▶ **Stored data**

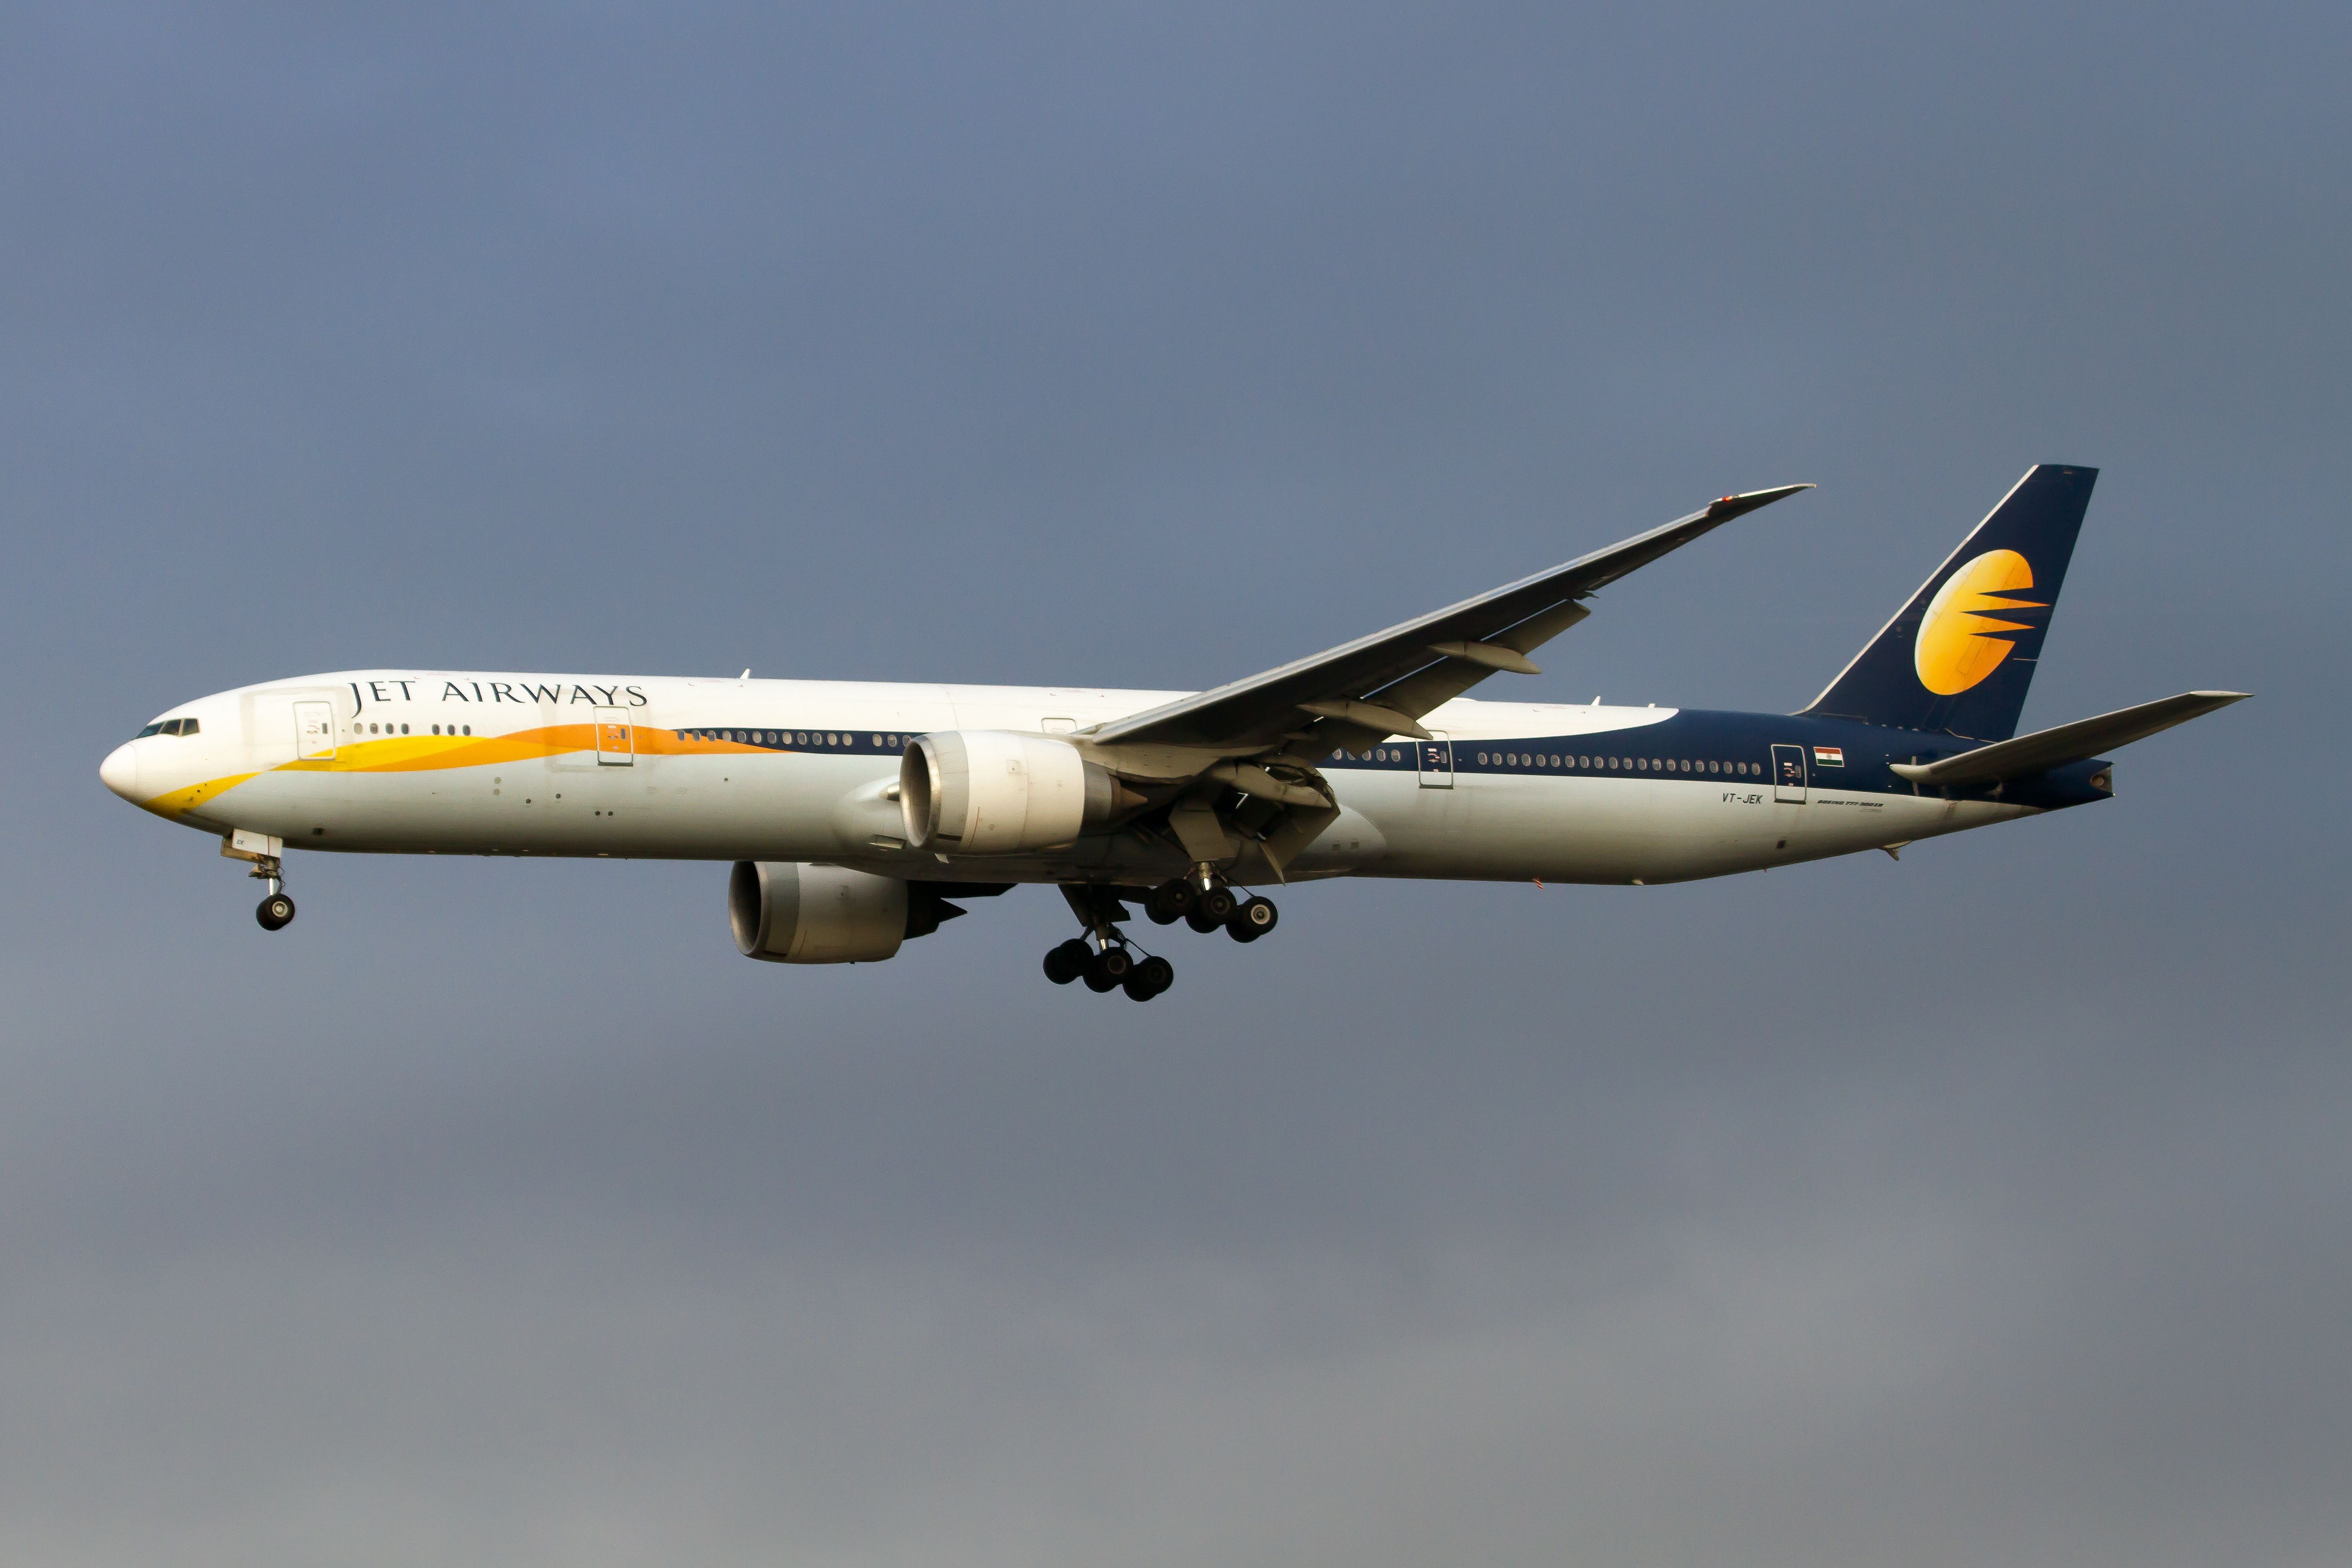 A Jet Airways Boeing 777-300ER landing at London Heathrow airport
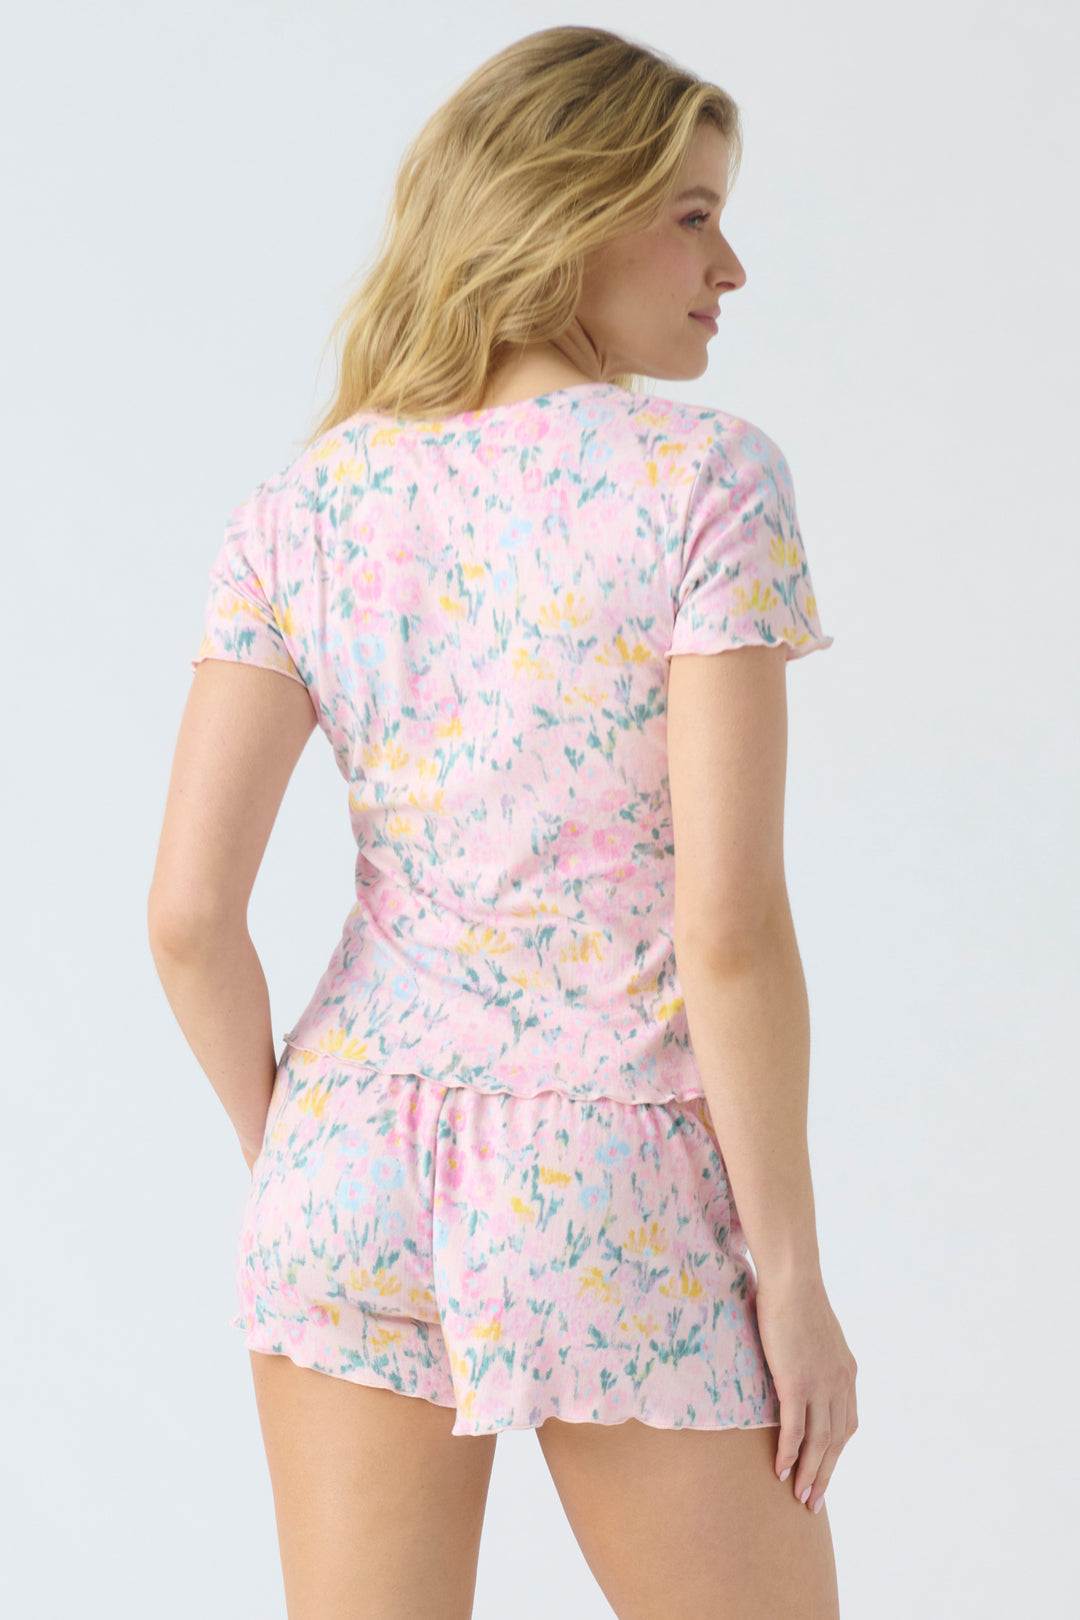 Women's pajama set in pink floral print pointelle. Short sleeve button top & pj short.
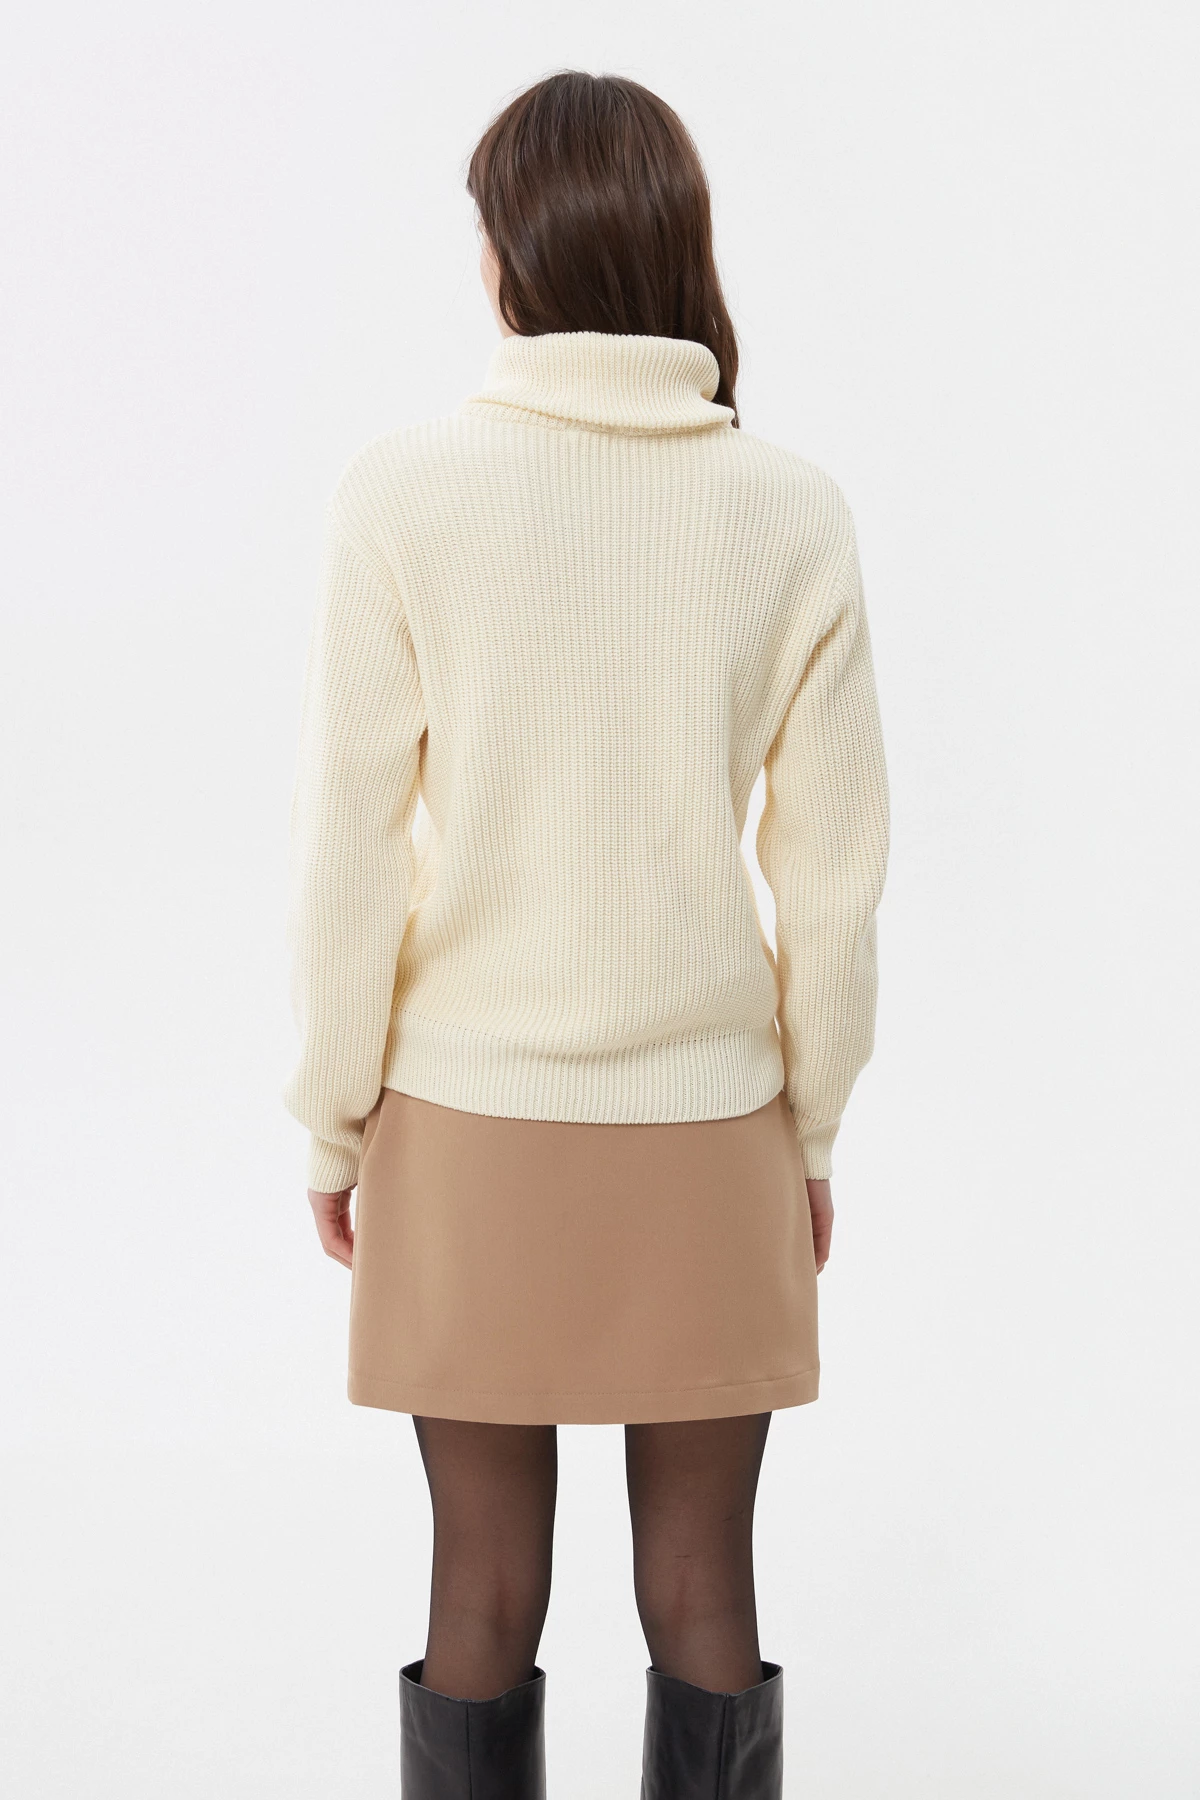 Creamy cotton zip-up knit sweater, photo 5

▶ **Task statement**
Would you please transcribe the listing in full, exactly, while omitting the images?

▶ **Solution below**
 A Jet Airways Boeing 777-300ER landing at London Heathrow airport
 Women's pajama set in pink floral print pointelle. Short sleeve button top & pj short.
 Creamy cotton zip-up knit sweater, photo 5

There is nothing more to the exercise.